Try it:
In the entries below, begin at the line that has "Western Landscaping." and stop after the line that has "Children's loft bed"; output those lines exactly, leaving out pictures.

Extracted records:
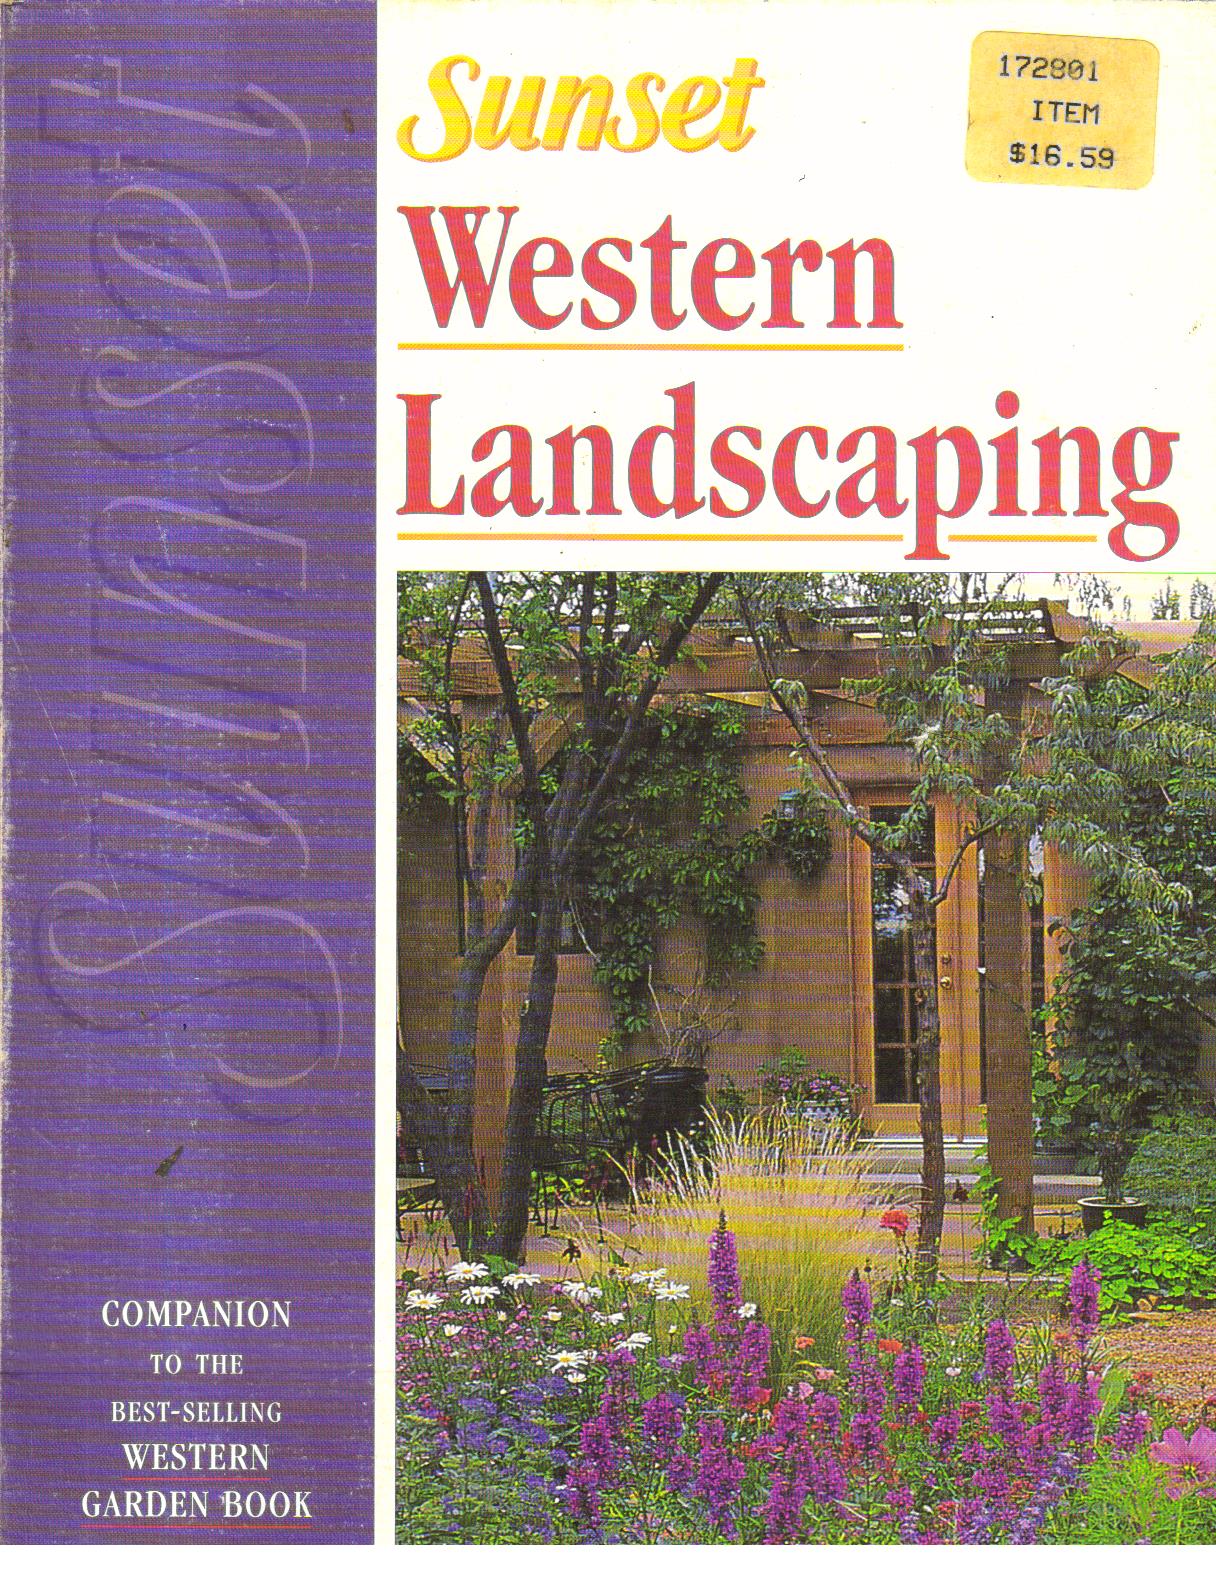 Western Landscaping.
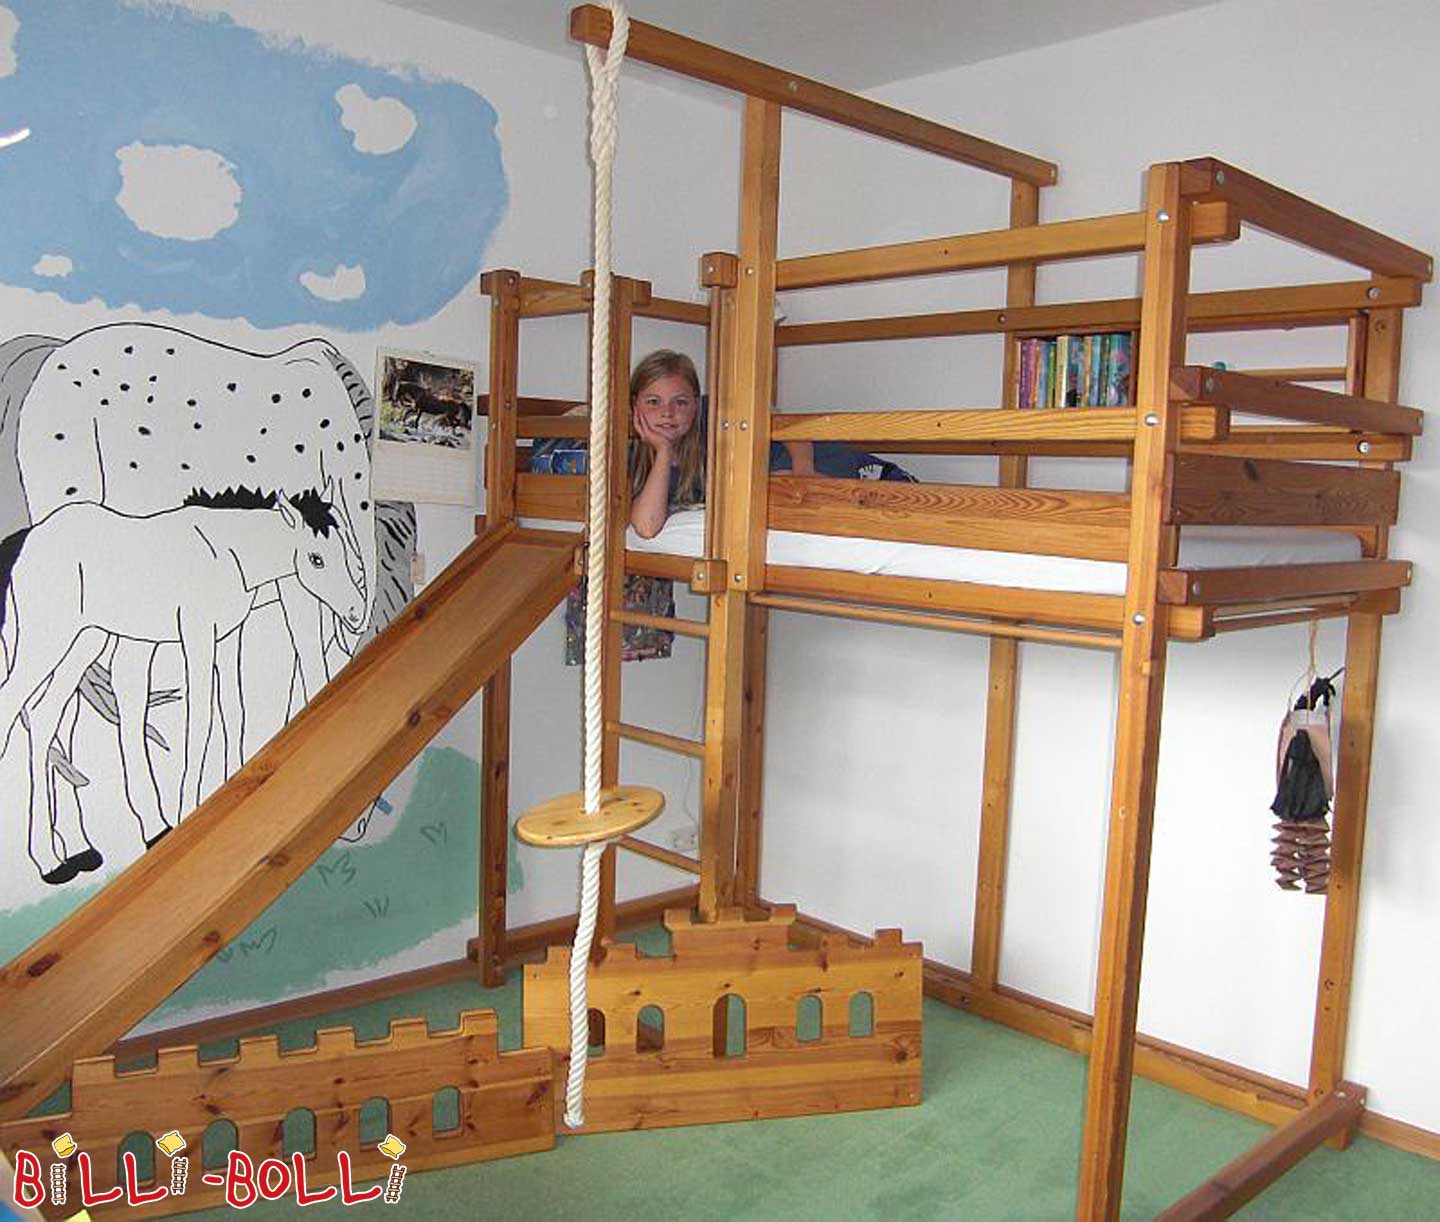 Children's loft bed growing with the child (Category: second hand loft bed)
==
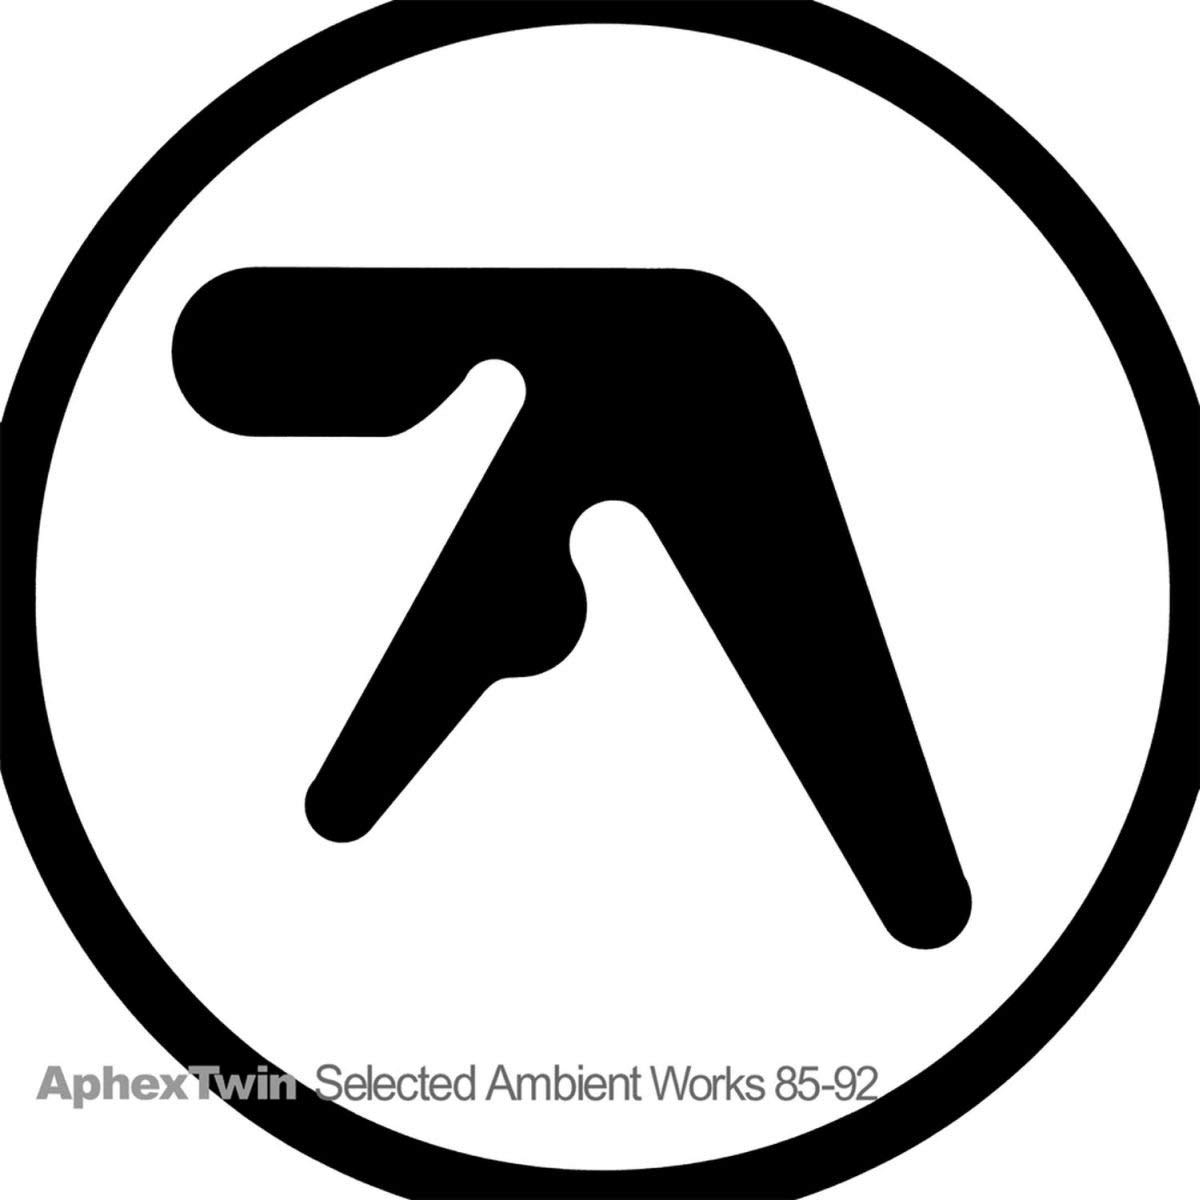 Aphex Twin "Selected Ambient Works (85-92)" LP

Answer for this exercise:
 Western Landscaping.
 Children's loft bed growing with the child (Category: second hand loft bed)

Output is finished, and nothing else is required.